A silver lining in medical training
Short White Coat is a blog written by second-year Harvard medical student Ishani Ganguli. Ishani's posts appear here, as part of White Coat Notes. E-mail Ishani at shortwhitecoat@gmail.com.
More often than not, the patients we interview and examine as medical students (and beyond) are elderly. But there’s little frank discussion during our training about the particular challenges, and joys, of such encounters. Dr. Anne Fabiny chief of geriatrics at Cambridge Health Alliance, and her geriatrician colleagues at several Harvard-affiliated hospitals, are hoping to change that.

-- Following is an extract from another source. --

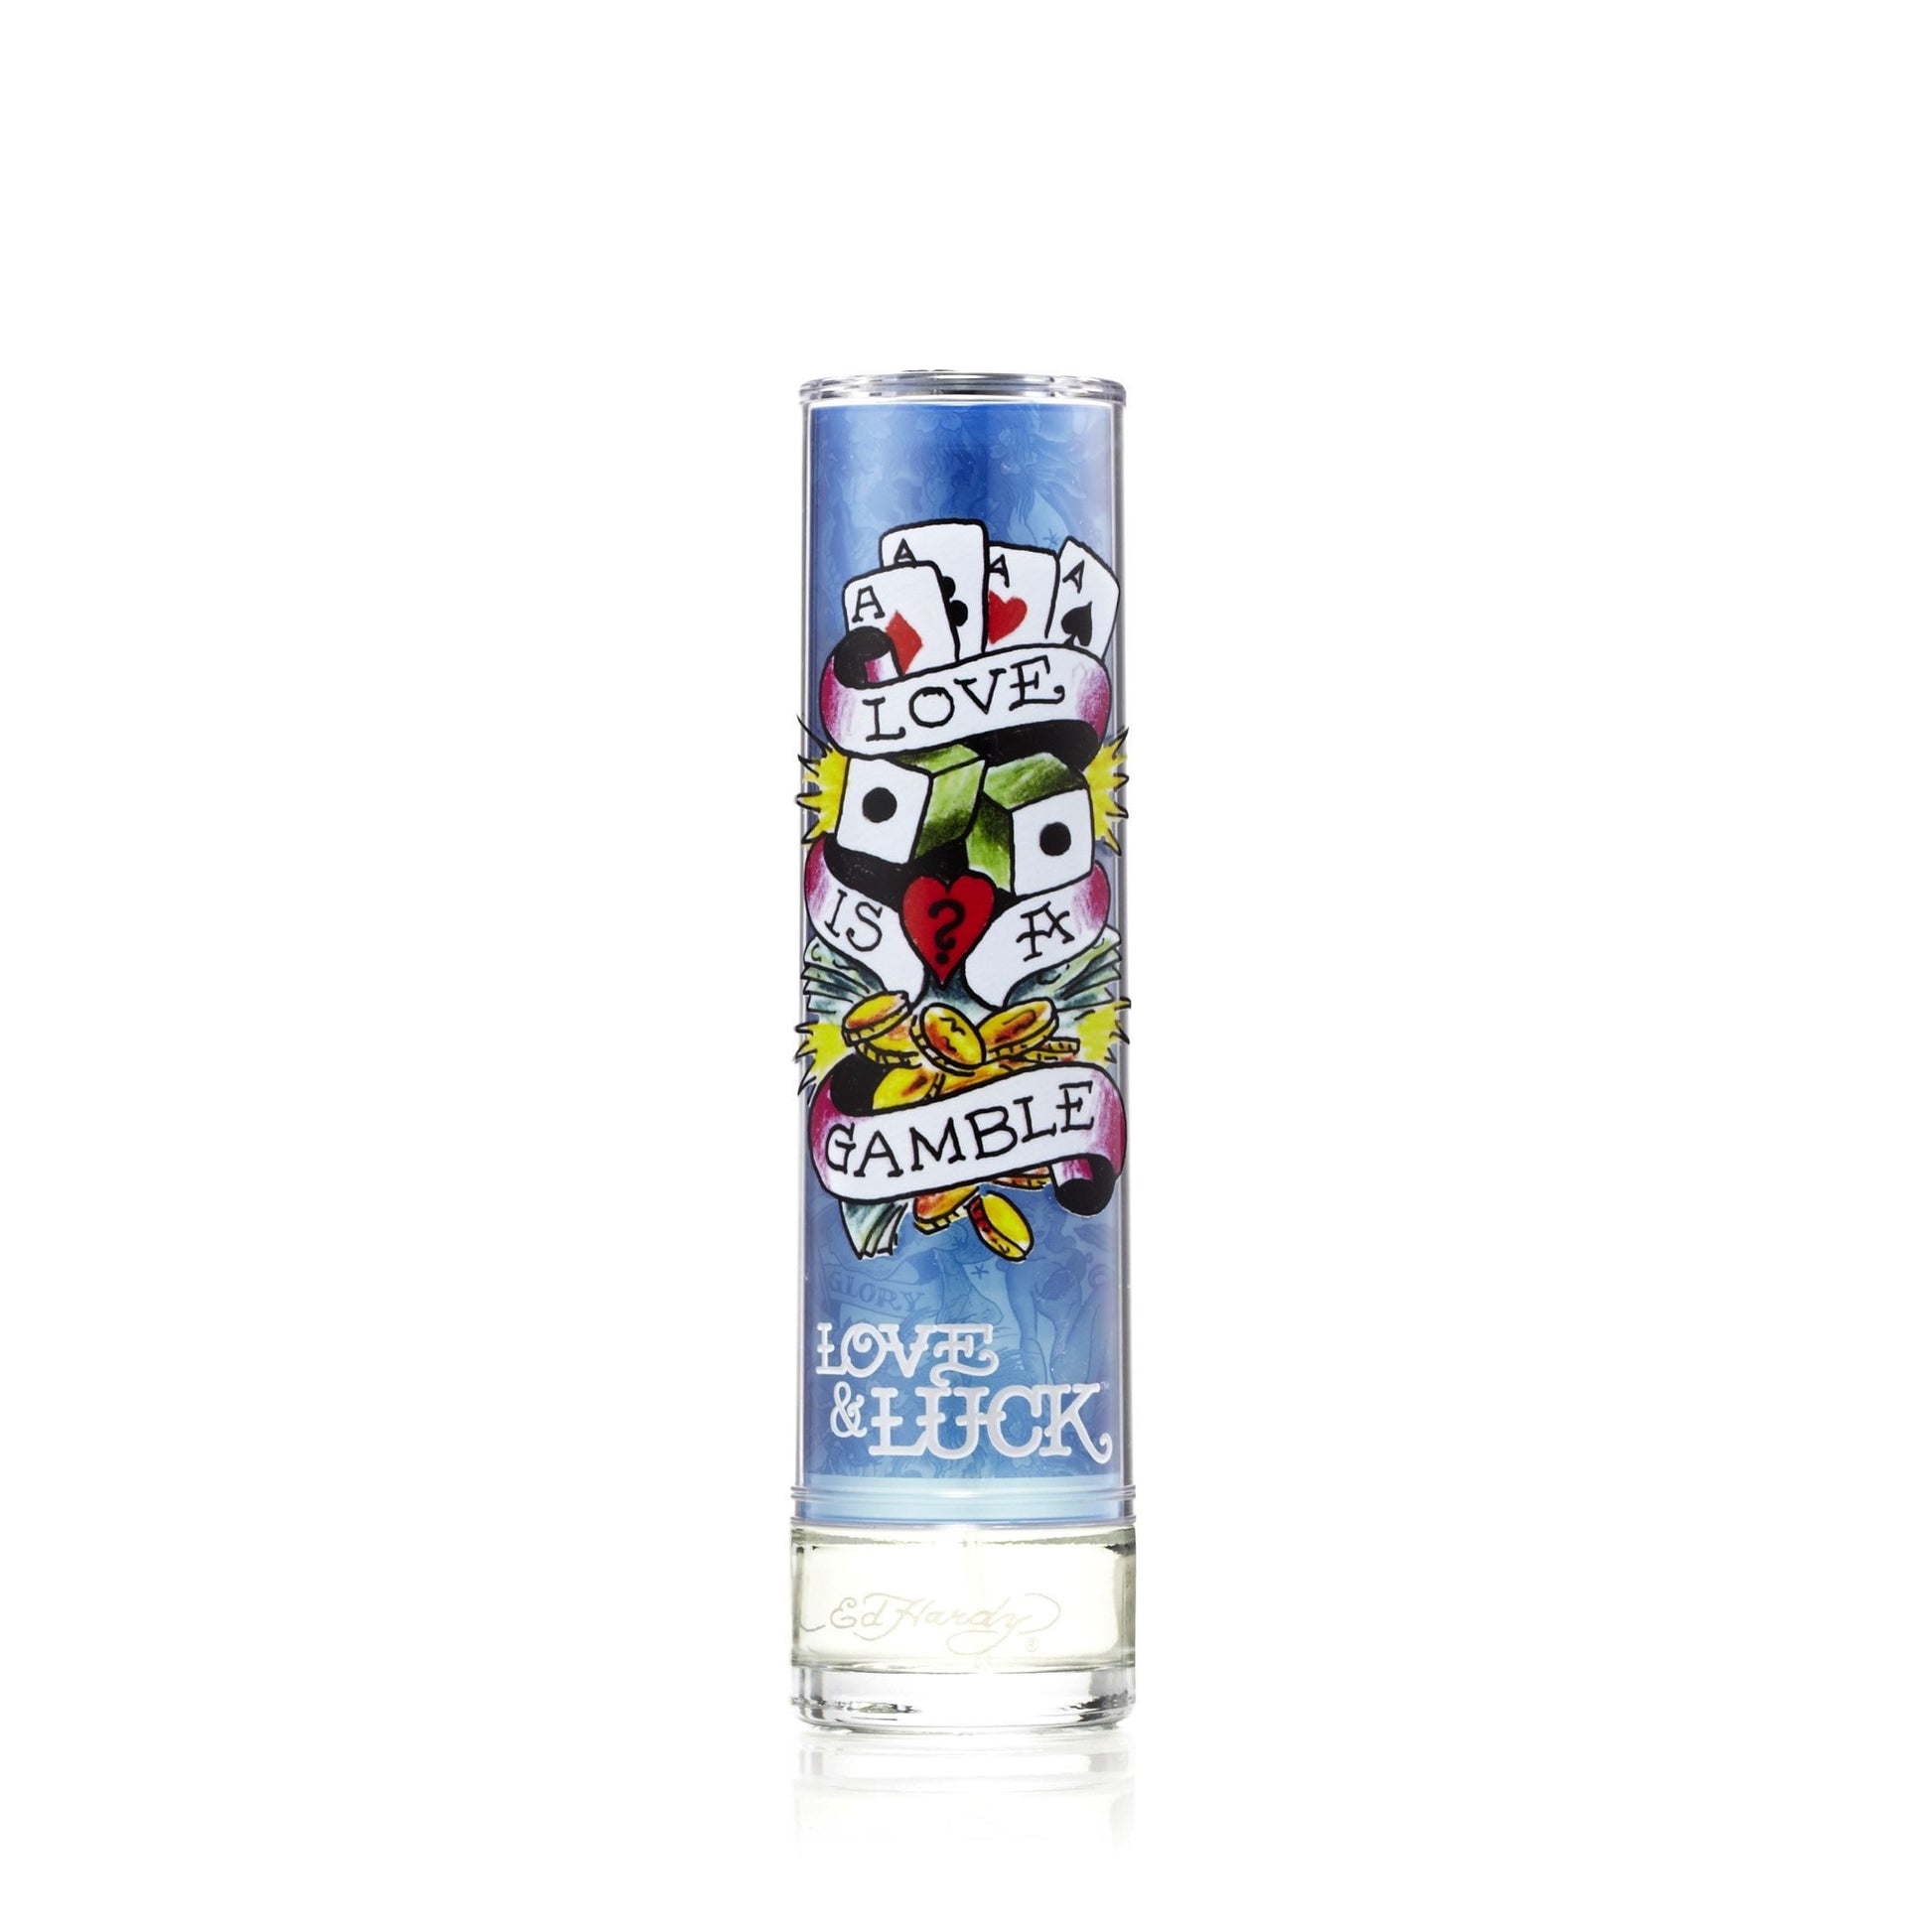 Ed Hardy Love & Luck Eau de Toilette Spray for Men by Christian Audigier 3.4 oz. Click to open in modal

On Wednesday afternoon, our Patient-Doctor class paid a visit to the BIDMC simulation center, tag-teaming interviews with patient actors while preceptors and other classmates observed behind a two-way mirror. After a lecture on the dos and don’ts of elder care (eg. Speak with elderly patients with large volume and low pitch, since high notes are the first to go), we took a field trip to the Hebrew Rehabilitation Center in Roslindale to test these skills on real patients.
I met Ms. R, a chatty 89-year-old woman who was more than happy to offer her story, or her de-stockinged leg, for the cause. Her back was stooped with severe osteoporosis, revealing the years that were belied by her still-brown hair. Attuned to the lessons of the afternoon, I chose my words carefully and enunciated them vigorously. My partner and I took time to ask about her medications, since we'd been told that drug complications should be blamed for health problems in the elderly until proven otherwise. (Misunderstanding a doctor’s orders can be dangerous too.)

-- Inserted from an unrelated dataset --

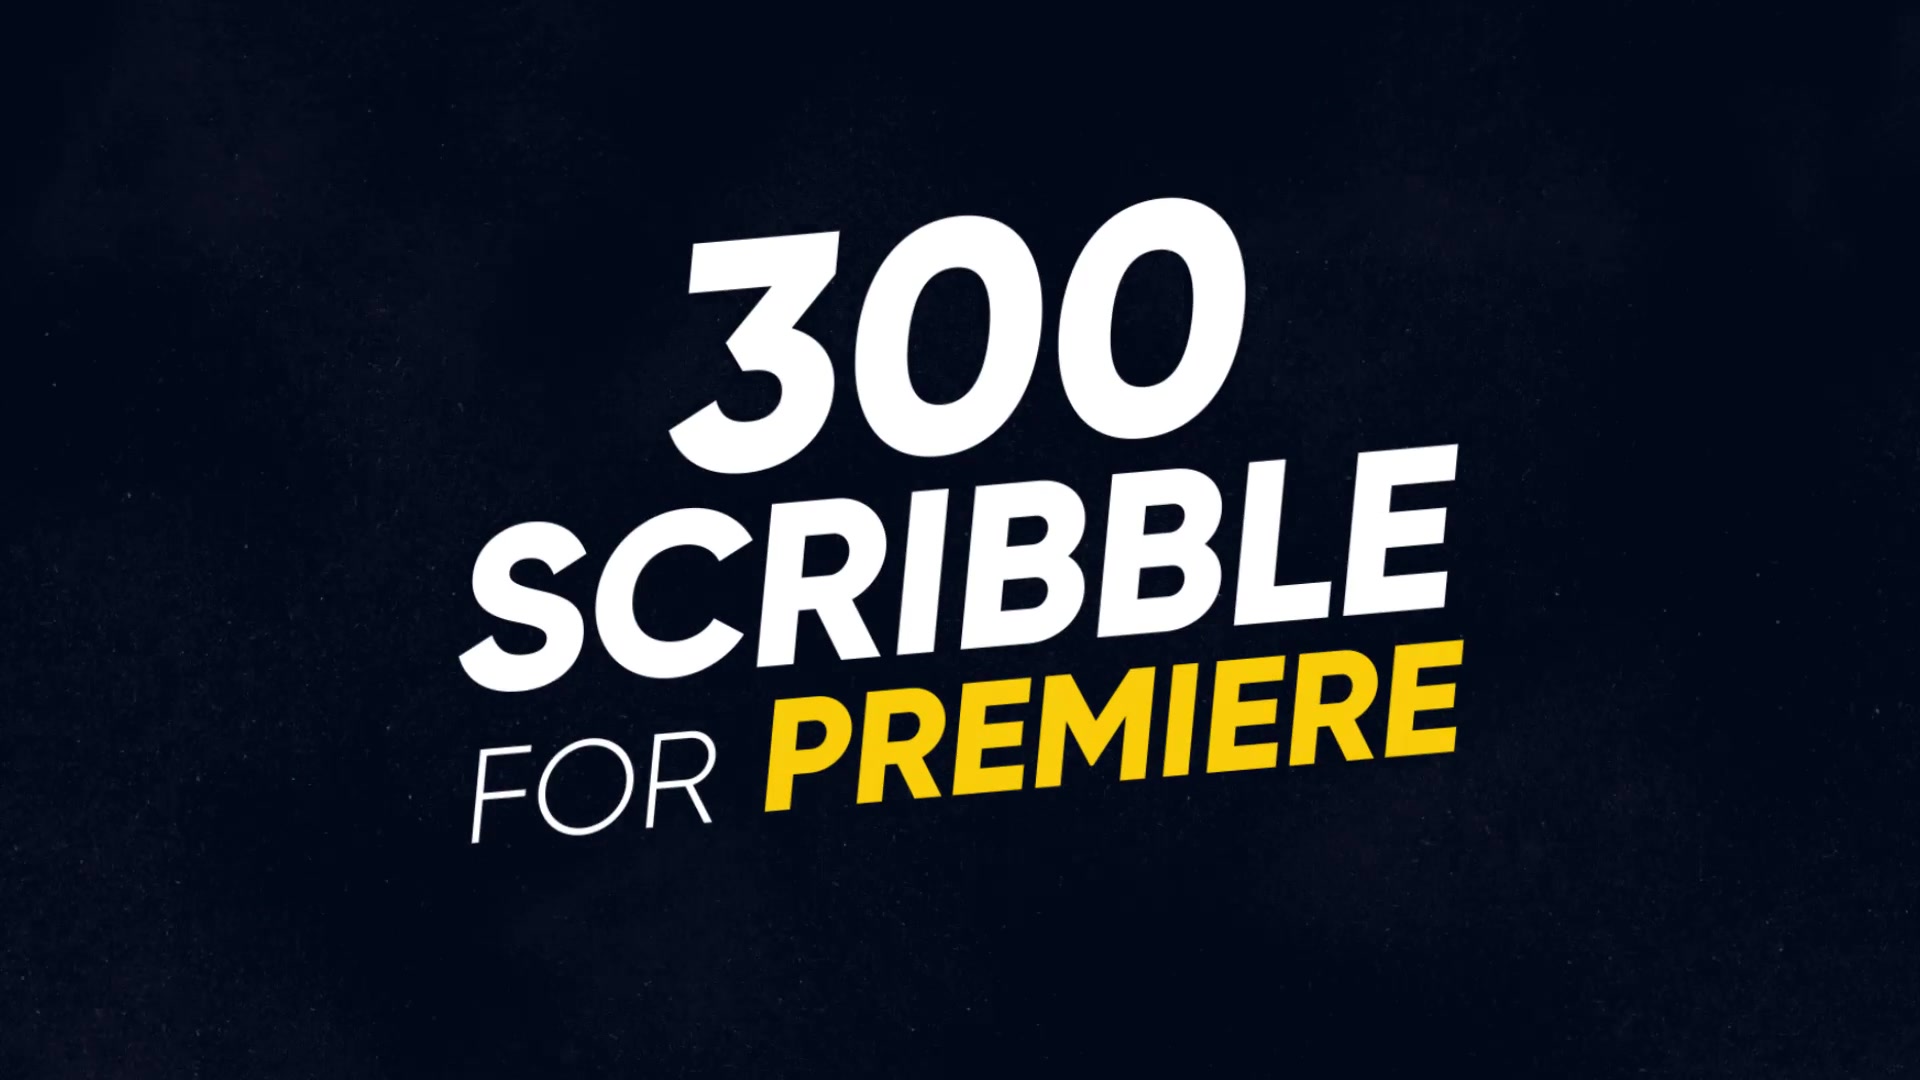 300 Scribble Premiere Videohive 23395283 Premiere Pro Image 5

We focused our questions on Ms. R’s daily activities at the center, remembering that quality of life trumps extending life in elderly care. In our final minutes with Ms. R, I watched as our geriatrician preceptor devotedly attended to Ms. R’s ulcerated foot, and took a mental note to emulate her approach.
The session reminded me that long lives make for fascinating, if complex, patient interviews. Though it’s not the the trendiest specialization, it's one that seems to attract some of the most passionate providers. And in the end, we all benefit from more attention to geriatric care -- whether as practitioners or, eventually, as patients.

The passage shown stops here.